Moving is the most stressful time in one's life according to surveys I have read. One of the things that really is exhausting is having to lay your hands on every darn thing you own! How did I collect so much stuff (and I am not a pack rat)? I moved in 2008 and downsized a lot at that time but I still managed to collect so much stuff.

How did I collect 7 suitcases? I use 2. How many wooden spoons does one woman need? Did I really use parts of 32 gallons of different colors of paint.....and I never did paint my hallway or back stairwell? When I found myself debating over which bookmarks (not books.....bookmarks) to keep I knew I had gone way down the moving rabbit hole.

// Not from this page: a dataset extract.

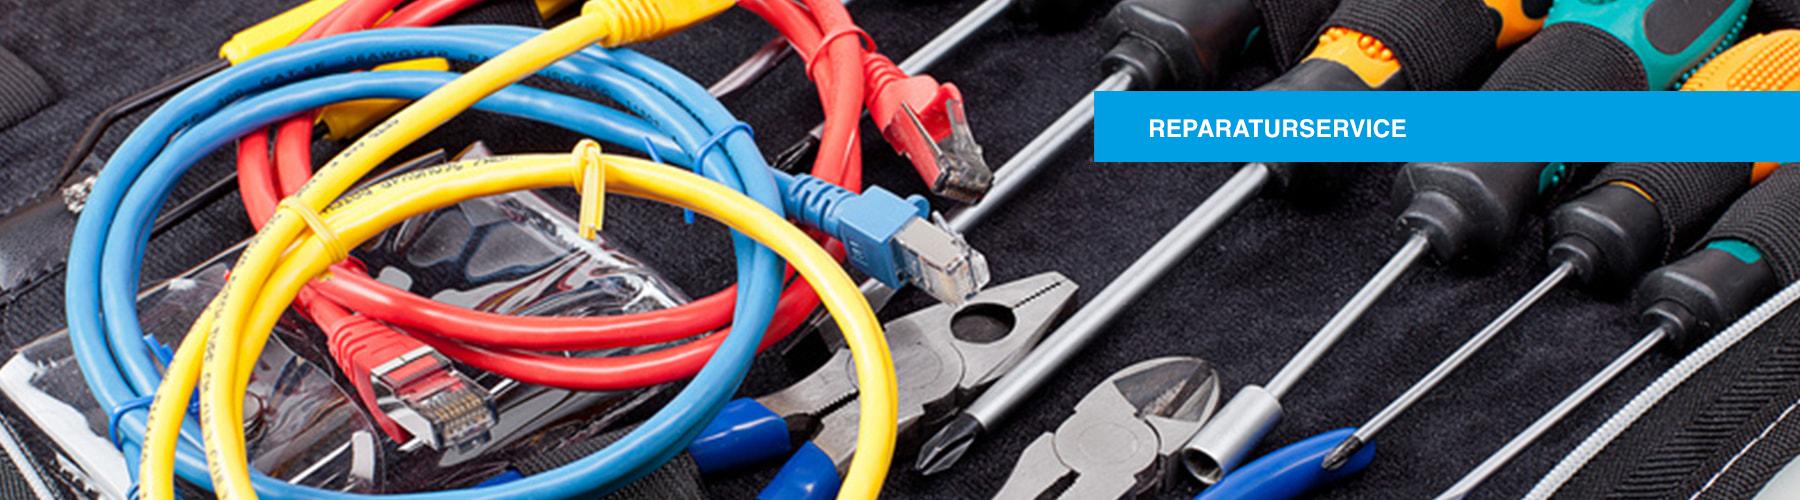 Reparaturservice />

There is the issue of decision fatigue. After sorting for several hours I go into one of two modes: 1) throw it ALL away or 2) I am incapable of making a decision. I have made a few mistakes of throwing an item away that I literally needed two days later. The trick is to stop for awhile after several hours and quit making decisions.

It is stressful to look at my house thru a buyer's eyes. I see every tiny thing that is wrong. It's like the stress of having guests over but times 100! I of course now think I will fix everything at the condo so when we want to move someday we won't have to do anything. I think I remember telling myself this lie when I moved into my present house, but I am going with the lie again!

The sheer physical exertion of moving is constant. I had help from my kids for some of the lifting. There are still so many boxes, bags and piles that have to be moved by me. I have loaded my car so many times to take things to donate or take things to the condo. Lifting...so much lifting. Stairs.....so many stairs.


Someone asked me the other day how I "felt" about moving. I have loved living in my Fairholme house. It was the first house I bought by myself. I got to fix it up my way. It is full of "my favorite colors". I got to hire work done and see progress in a timely manner. (Some of you will totally understand that last statement). I loved hosting the whole family for Christmas. I love all the natural light the house has. I have enjoyed the wonderful front porch. I adore my clawfoot tub and long winter soaks in it. I have enjoyed many a roaring fire in the fireplace.

I will not miss the bills. With my drop in income I truly can not stay in this house. I will not miss the large yard, mowing that lawn, fertilizing that lawn, edging that lawn, weeding flower beds or shoveling snow. I will not miss the laundry being in the basement (2 flights of stairs from where the clothes start out). I will not miss Grosse Pointe, truthfully I do most of my shopping and errands outside of Grosse Pointe.

This move came sooner than I had planned due to covid 19, changes in my job and deciding to retire. It has taken me a minute to catch up. emotionally. I look forward to fixing up the condo a bit and making it a home for both of us. I am excited about my relationship with my gentleman....at our ages....knowing what we know now with age. I call it my "big girl" relationship. I get to be me. He gets to be himself. We don't always agree but we work it out.

So moving is a bundle of emotions. Some sad, some glad and on most days a mixture of both. I am eager to have the move finished and the house sold so I can truly embrace the next chapter!